Colombie : le Conseil de sécurité charge la Mission de l'ONU de participer jusqu'en janvier 2018 au mécanisme de surveillance du cessez-le-feu

5 octobre 2017

À la demande du gouvernement colombien et de l'Armée de libération nationale (ELN), le Conseil de sécurité a décidé jeudi que la Mission de vérification des Nations Unies en Colombie participera à titre provisoire, jusqu'au 9 janvier 2018, aux travaux du mécanisme de surveillance et de vérification agréé par les deux parties.

En adoptant, à l'unanimité de ses 15 membres, la résolution 2381 (2017), le Conseil a également confié à la Mission les tâches suivantes : veiller au respect du cessez-le-feu national bilatéral temporaire signé avec l'ELN le 4 septembre dernier ; s'efforcer de prévenir les incidents ; permettre aux parties d'intervenir rapidement le cas échéant ; et vérifier le respect par les parties du cessez-le-feu.

Dans le préambule de ce texte, le Conseil rappelle le rôle positif joué par la Mission des Nations Unies en Colombie, dont le mandat a pris fin le 25 septembre 2017 et à laquelle succède la Mission de vérification, pour remplir des fonctions similaires entre le Gouvernement colombien et les Forces armées révolutionnaires de Colombie-Armée populaire (FARC-EP).

Sur recommandation du Secrétaire général, le Conseil a approuvé le nombre de 70 observateurs internationaux pour la Mission, exigé par « les tâches de liaison avec les Forces armées de la Colombie et l'ELN pour éviter les conflits de mouvement et prévenir les confrontations armées ».

Dans une déclaration lue par le Président du Conseil de sécurité pour le mois d'octobre, François de Delattre, de la France, les autres membres saluent les remarquables avancées réalisées en Colombie depuis la conclusion de l'Accord final pour la fin du conflit et la construction d'une paix stable et durable entre le gouvernement colombien et les FARC-EP.
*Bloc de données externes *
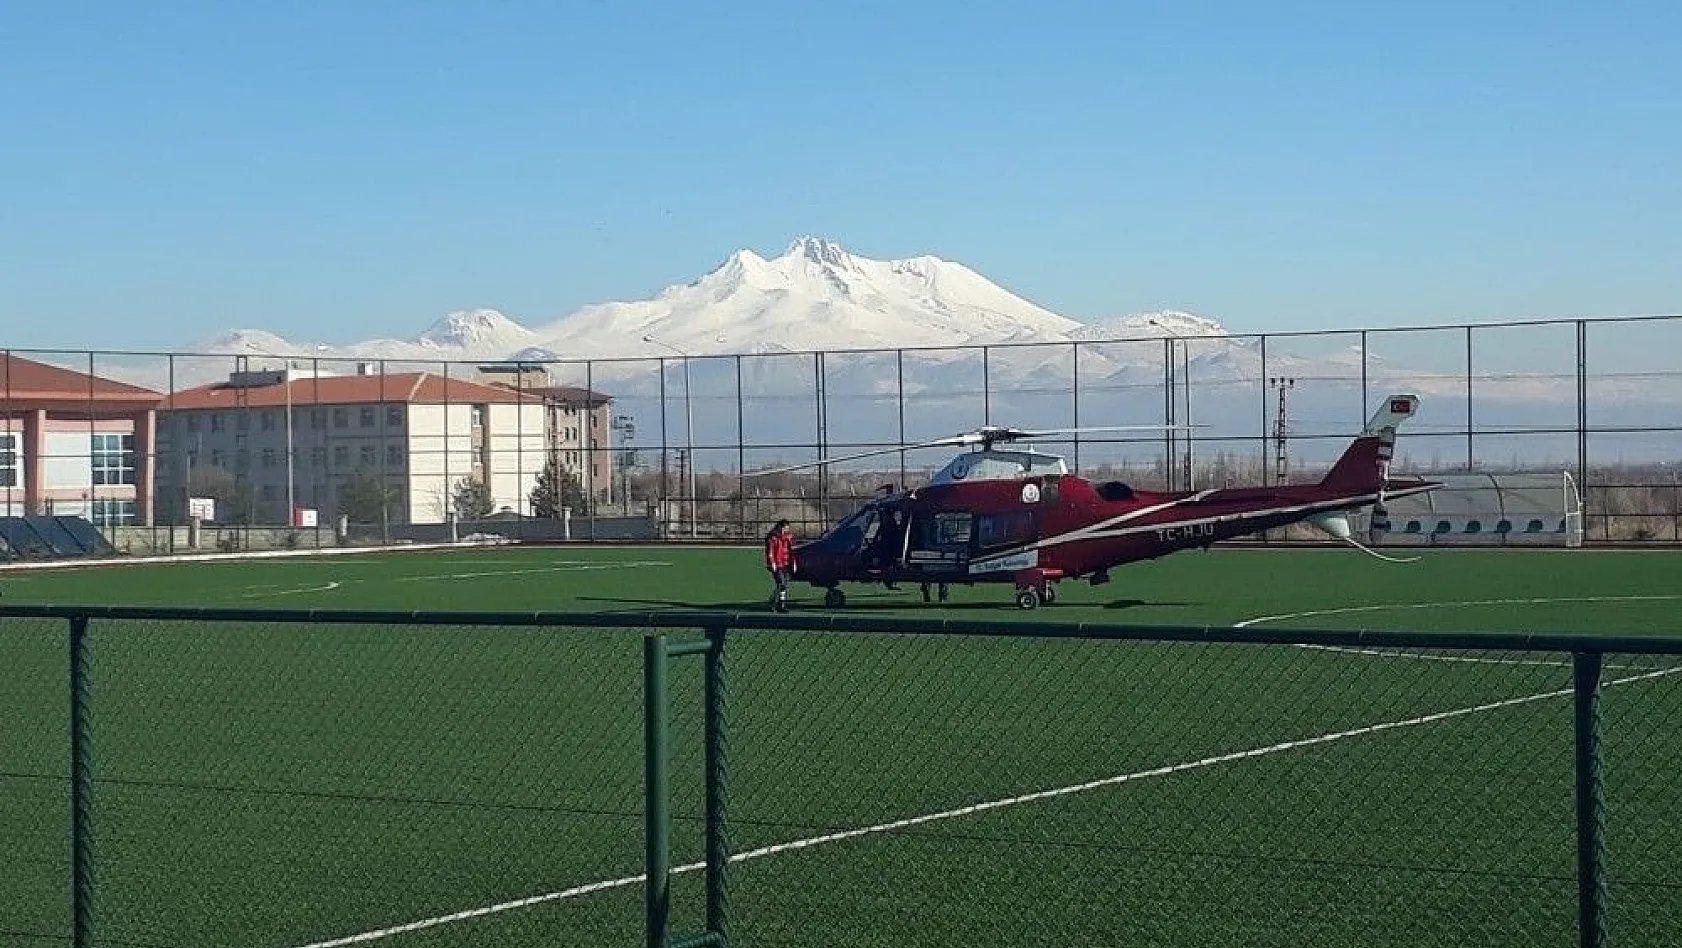 Helikopter ambulans açık kalp ameliyatı geçiren vatandaş için havalandı

Aux termes de cette déclaration, le Conseil félicite plus précisément les parties pour l'aboutissement du cessez-le-feu, la cessation des hostilités, le dépôt des armes et la transformation des FARC-EP en parti politique, « ce qui a permis de mettre fin à un conflit qui durait depuis plus de cinquante ans ».

Il souligne que, grâce à la détermination et à la volonté résolue des parties, « le processus de paix en Colombie reste une source d'inspiration pour le règlement de conflits et pourrait servir d'exemple à d'autres processus de paix dans le monde ».